**WHAT IS BEING ASKED**
Where the records below show a line containing "Juan Adriansens en", start copying; end with the line containing "Offerta cucina Scavolini", and copy it too.

**ENTRIES SUPPLIED**
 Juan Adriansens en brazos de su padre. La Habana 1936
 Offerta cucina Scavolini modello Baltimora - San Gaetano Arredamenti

==

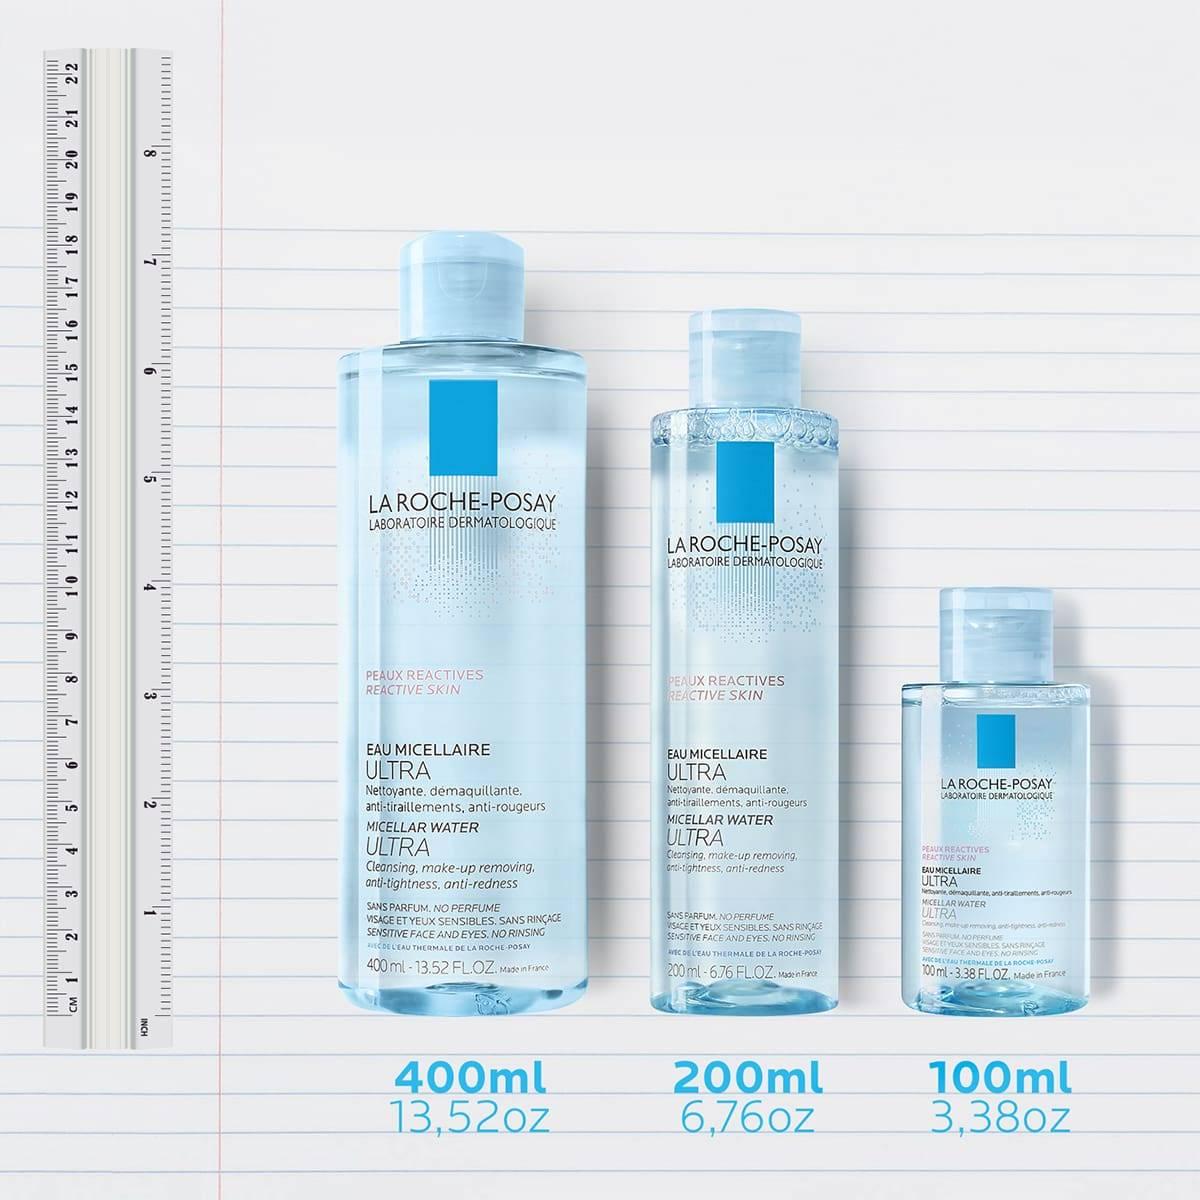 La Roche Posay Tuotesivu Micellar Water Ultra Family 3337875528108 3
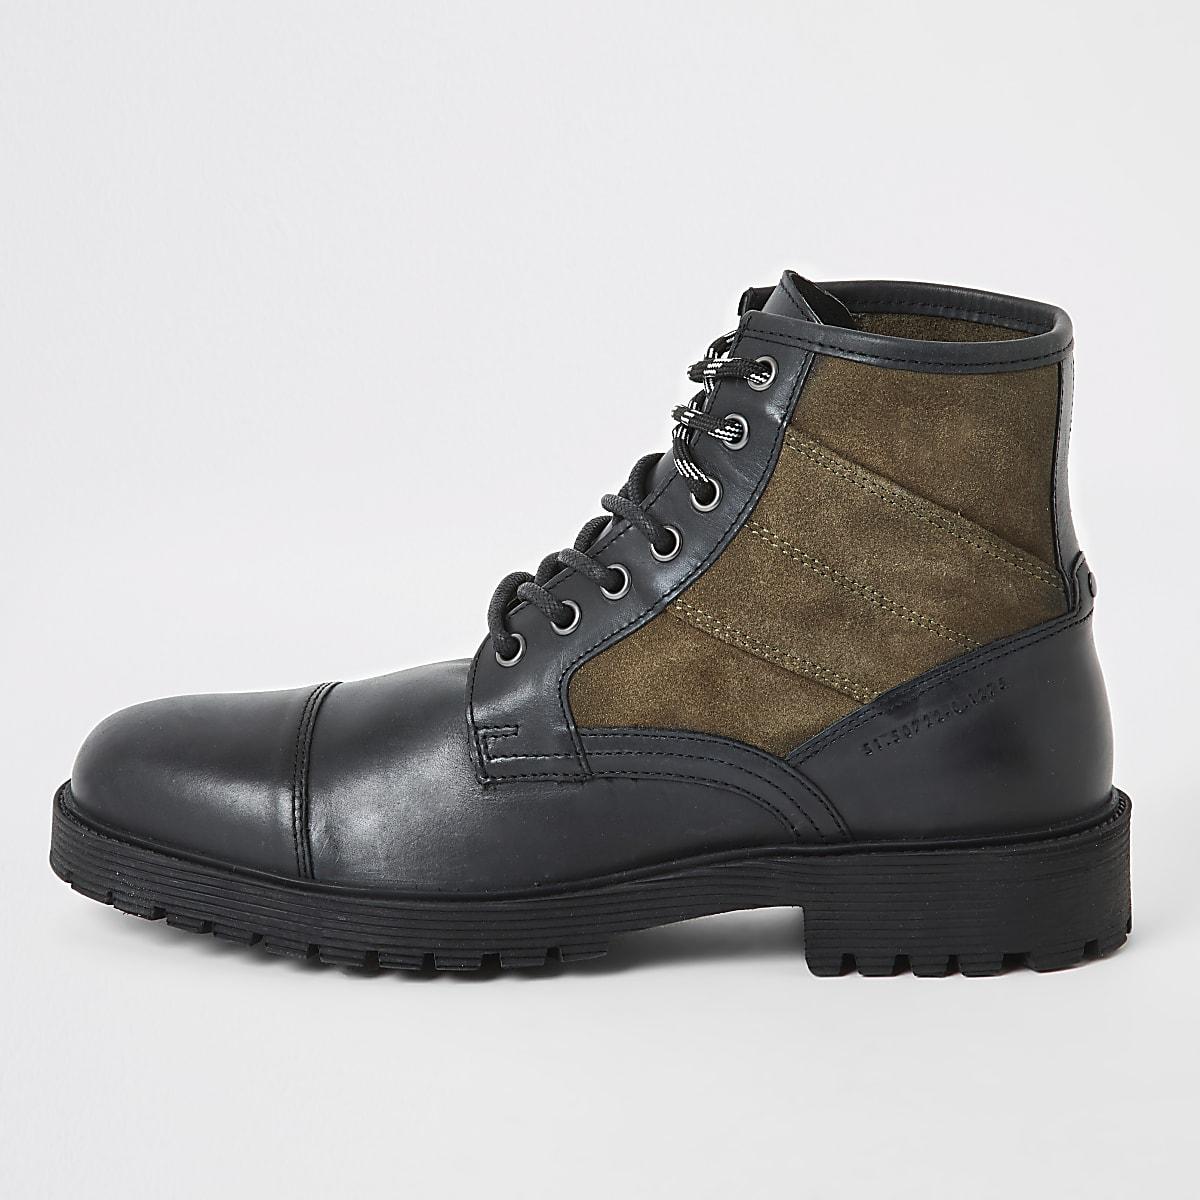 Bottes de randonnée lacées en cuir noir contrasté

**ANSWER TO THE EXERCISE**
 Juan Adriansens en brazos de su padre. La Habana 1936
 Offerta cucina Scavolini modello Baltimora - San Gaetano Arredamenti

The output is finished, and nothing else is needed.